The Direktor, a heavy man in a bulky blue suit, steps forward, approaching the far side of the river careful not to walk too near its plashing waters. From there, he raises his hands and beckons to us.

“He’s beckoning to you, Reb Chaim.”

“To me?” I regard Reb Elimelech dubiously.

“To whom else?” he says.

I scan the Heavens, but there are no helpful birds in sight.

“Herr Skibelski,” the stout Direktor calls up the slope with a silver megaphone handed to him, by a bellman, on a silver tray.

“This is Chaim Skibelski,” I call back, hanging my cane on the crook of my arm and cupping my hands to my mouth.

“We are ready to receive your party now,” the man shouts, again through the silver mouthpiece.

“Eh? What did he say?” Reb Elimelech mutters in my ear.

“He said they’re ready to receive us.”

Reb Elimelech glances quickly down the slope at the nearly three thousand souls struggling along behind us.

“Dear Heavens,” he says, fretting. “I think they’ve overbooked.”

36

We descend the little slope, the three of us, and walk carefully towards the river, the German’s head bouncing against my hip. Pillow holds on to the shank of my cane. The slant of the hill is difficult for him with his useless leg.
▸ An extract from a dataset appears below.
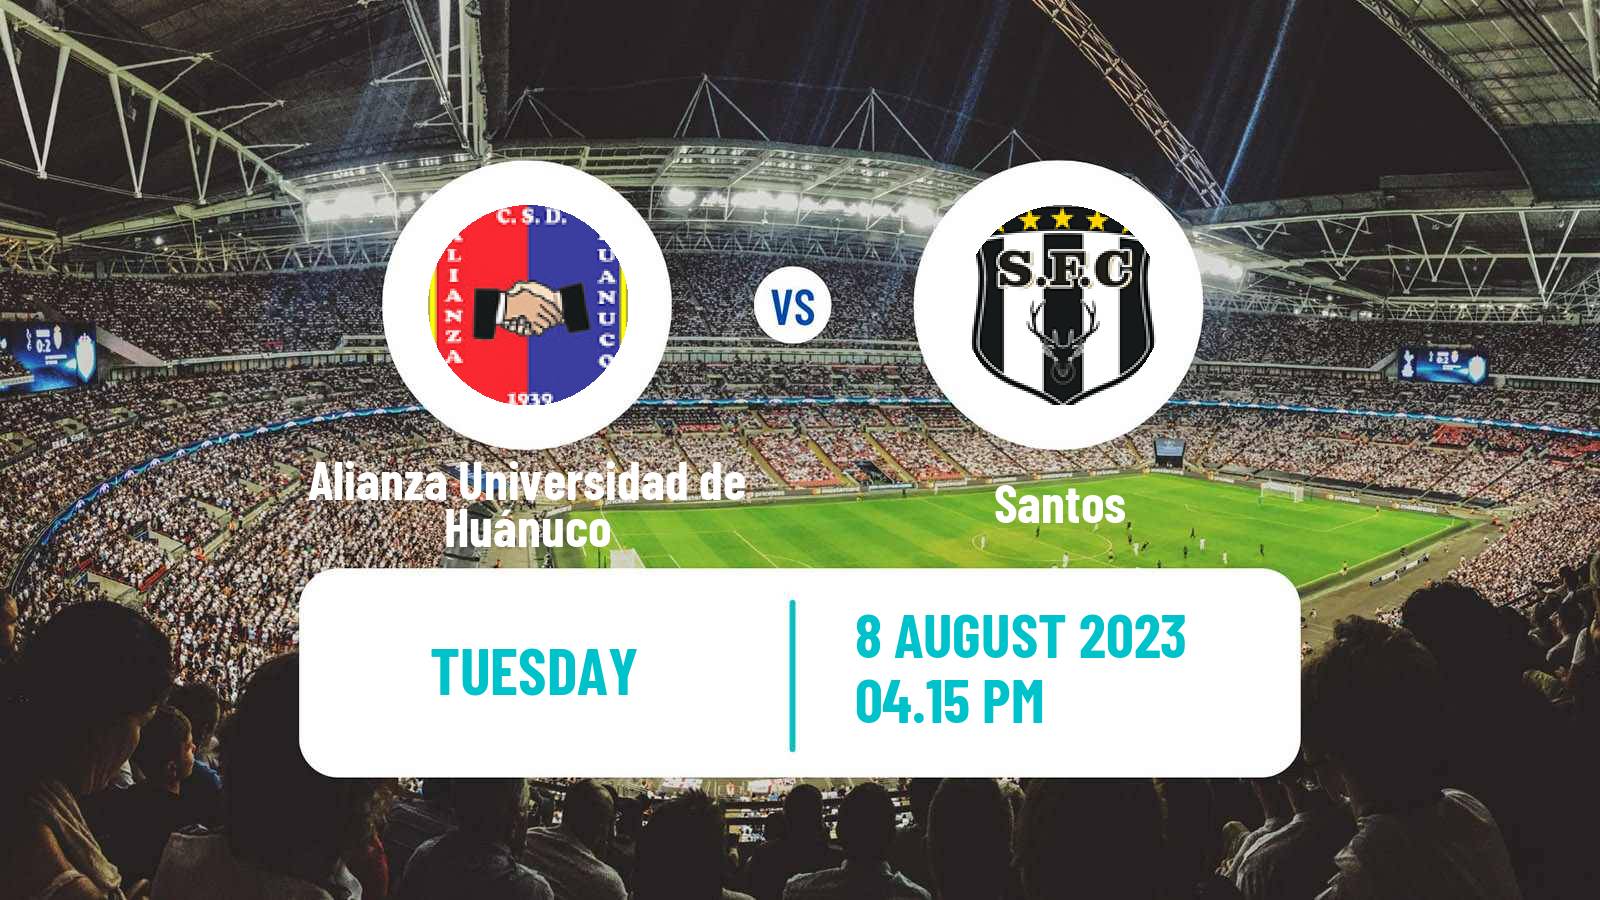 Soccer Peruvian Liga 2 Alianza Universidad de Huánuco - Santos

Nearer, we see that it is not an illusion at all. The river, indeed, is flowing, despite the frosty temperatures. I lift my eyes from its bank and look across at the beardless face of the Direktor, smiling above his tie and the collar of his blue serge suit. His ruddy cheeks glow with health and vigor in this bracing wind, and his blond hair, thinning on top, blows in slightly separating strands.

“Willkommen, willkommen,” he says, placing one large hand inside the other. “All is prepared, all is prepared.”

Despite the river’s churning noises, his voice carries across it. We can hear him easily and he no longer needs the megaphone.

“Excuse me, Herr Direktor, forgive us,” I say. “But I don’t understand. What exactly have you prepared?”